Despite the lack of differences in either ROS or pH, STIM1-deficient DCs display surprisingly lower levels of proteolysis, measured by two independent assays, as well as reduced leucyl aminopeptidase activity, characteristic of the endosomal protease IRAP previously implicated in cross-presentation32. Decreased proteolysis is associated with decreased phago–endolysosome fusion, decreased global and periphagosomal Ca2+ signals, and decreased frequency of ER–Ph MCS in STIM1-deficient cells. Although we cannot differentiate whether loss of global or local Ca2+ signals cause reduced fusion events, the high vesicular fusion/fission activity near ER–Ph MCS favours a model where local Ca2+ signals promote local fusion events. It should be noted that decreased cathepsin-dependent proteolysis and reduced phago–lysosome fusion correlated with higher, not lower, levels of cross-presentation in DCs38, 43. Yet, some proteolysis must occur to generate peptides from whole OVA molecules and inhibiting proteolysis with the broad-spectrum inhibitor leupeptin reduces cross-presentation in some44,45,46 although not all47, 48 contexts. Indeed, in the companion study published in this same issue which analyses the function of UNC93B1, a novel STIM1 interactor49, Maschalidi et al. not only confirm a role for STIM1 in cross-presentation, but also observe that decreased proteolysis correlates with decreased cross-presentation. Proteolysis has therefore a bipartite effect on antigen processing, with both negative and positive effects on the MHC-I loading depending on its extent. Our data suggest that finely regulated levels of proteolysis must be reached to favour cross-presentation, and that this fine-tuning is achieved at least in part through Ca2+-dependent regulation of endosome fusion and IRAP delivery.

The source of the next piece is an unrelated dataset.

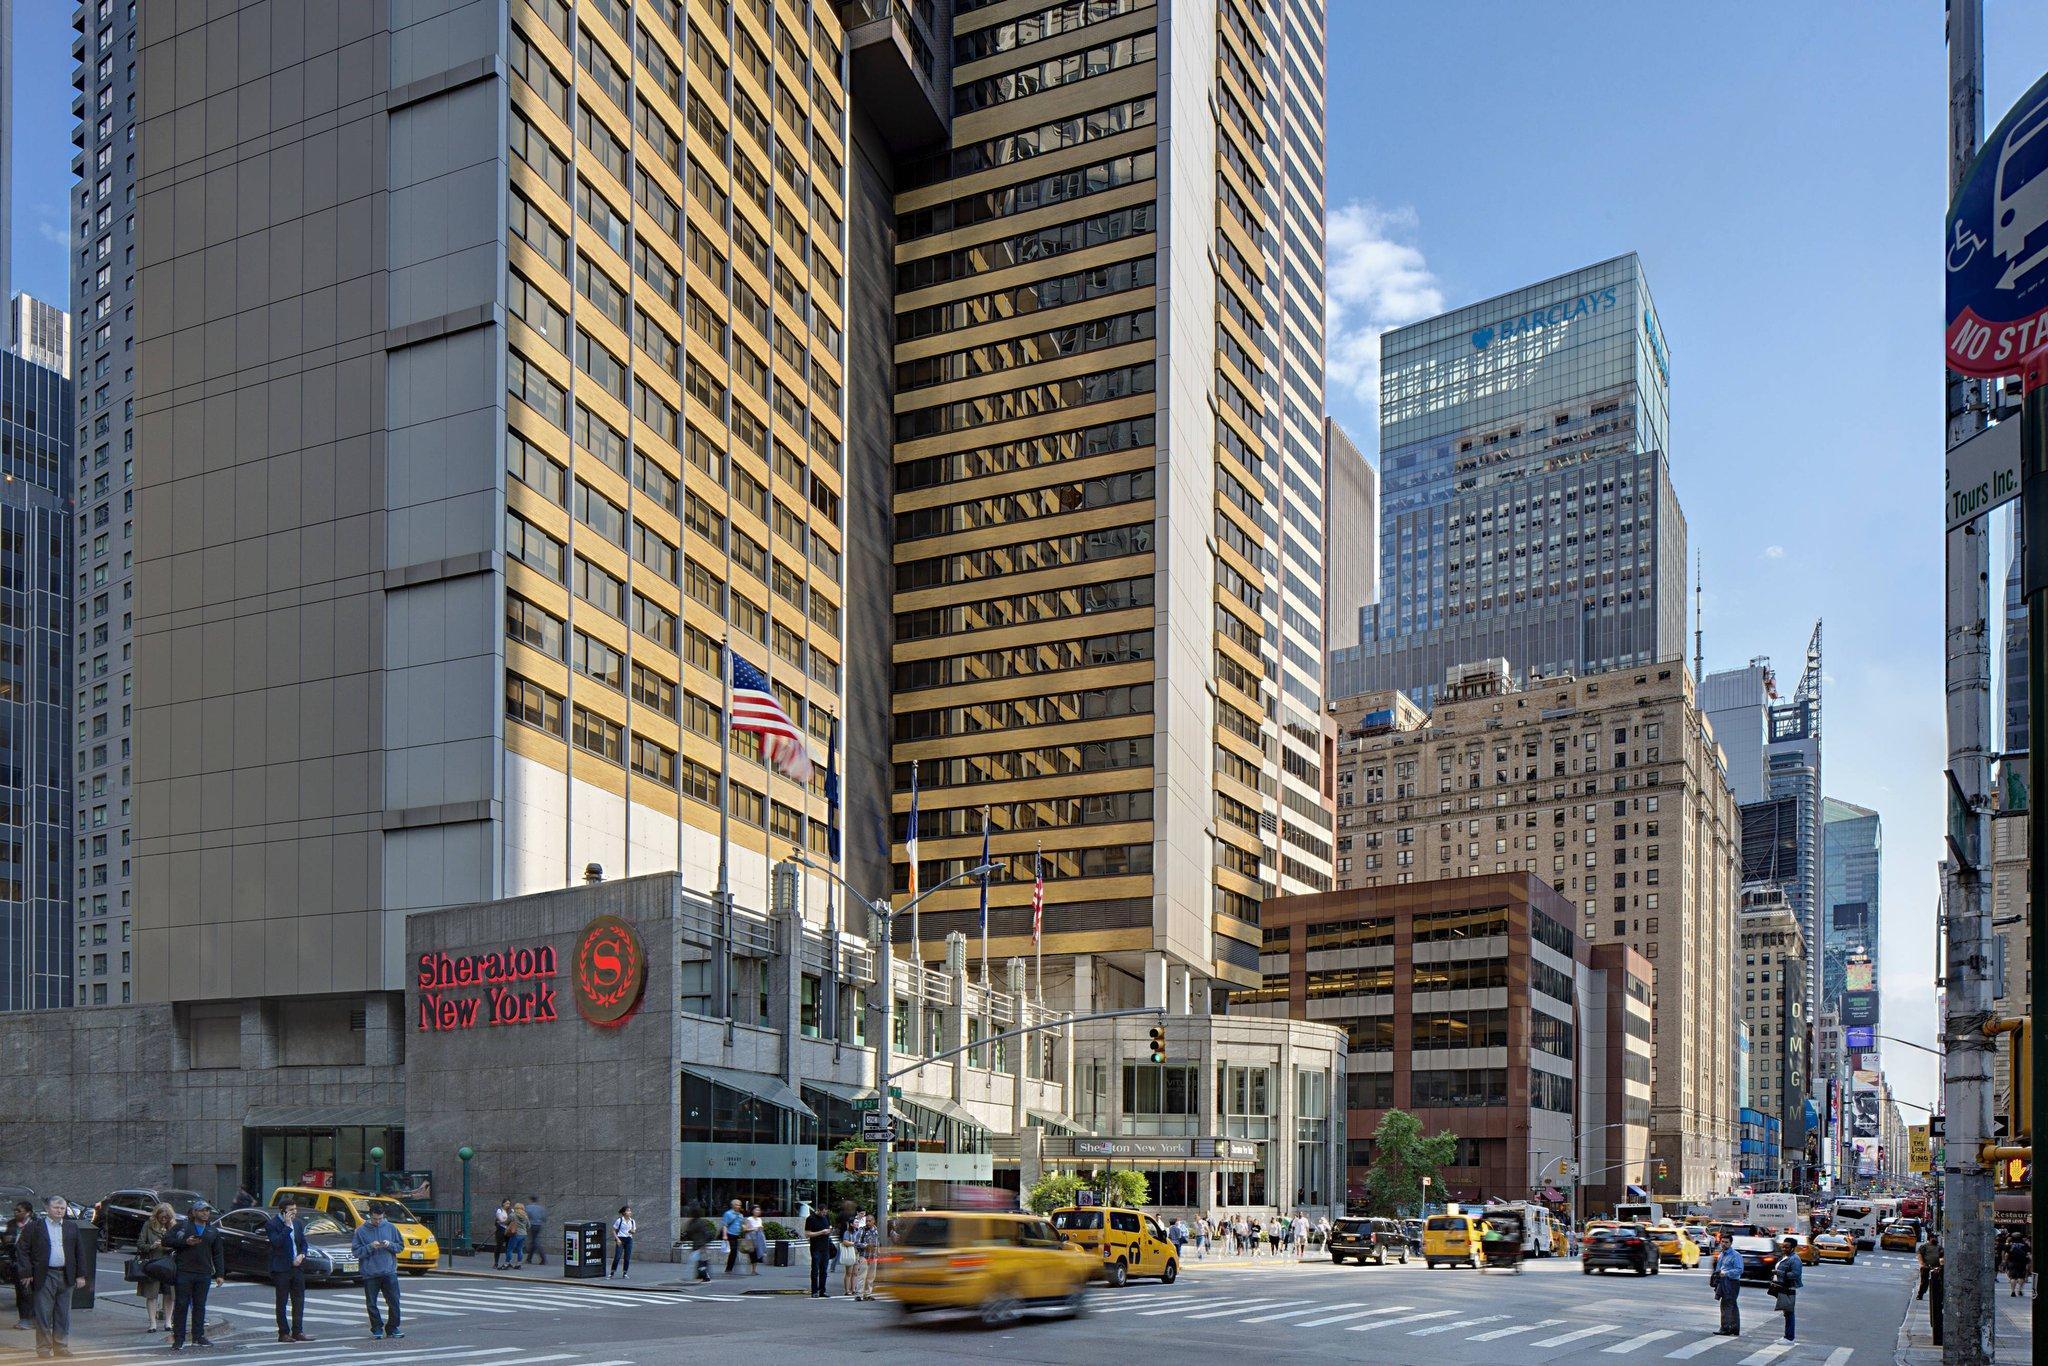 Sheraton New York Times Square Hotel image

We also considered that antigen export from phagosomes into the cytosol might be affected by STIM1 deletion. Phagosomal export was reported for some but not all antigens50 and cytosol transfer requires ER proteins such as Sec61, tapasin and TAP1. That STIM1 mediates close contacts between the ER and phagosomes argues that at least some ER proteins found on isolated phagosomes are derived from contacts, which may in turn facilitate the delivery of this ER-derived machinery. That the frequency of ER–Ph MCS was fivefold higher in WT DCs as compared to WT neutrophils, yet the frequency of periphagosomal Ca2+ signals is only half that of neutrophils17, as well as the observation of periphagosomal STIM1 puncta without associated Ca2+ signals (Fig. 3e), further support the idea that ER–Ph MCS may have roles beyond Ca2+ signalling in DCs, and that they could partly mediate specialized DC functions that rely on ER proteins. However, no defects in cytosol transfer were observed. On one hand, ER contacts were only decreased by ∼35% upon Stim1 deletion, and potentially, sufficient activity remained to allow effective cytosol transfer. On the other hand, recent data suggests that different ER proteins such as tapasin16, MHC-I8 and Sec617 reach phagosomes through unconventional vesicular trafficking pathways involving the ERGIC, recycling endosome and possibly other compartments. These new findings on alternative trafficking raise the intriguing possibility that endomembrane trafficking is more generally non-canonical in DCs and that specialized compartments analogous to secondary and tertiary granules in neutrophils might exists in DCs. Indeed, a lysosome-like Rab34-dependent compartment delivers NADPH oxidase in DCs48. Since cross-presentation was more strongly impaired than phago–lysosome fusion, STIM1 might regulate alternative Ca2+-dependent trafficking pathways in a way that bypasses the need for cytosol transfer. The generation of better tools to manipulate these pathways will be required to gain a deeper understanding of alternative compartments and the signals that regulate their activity.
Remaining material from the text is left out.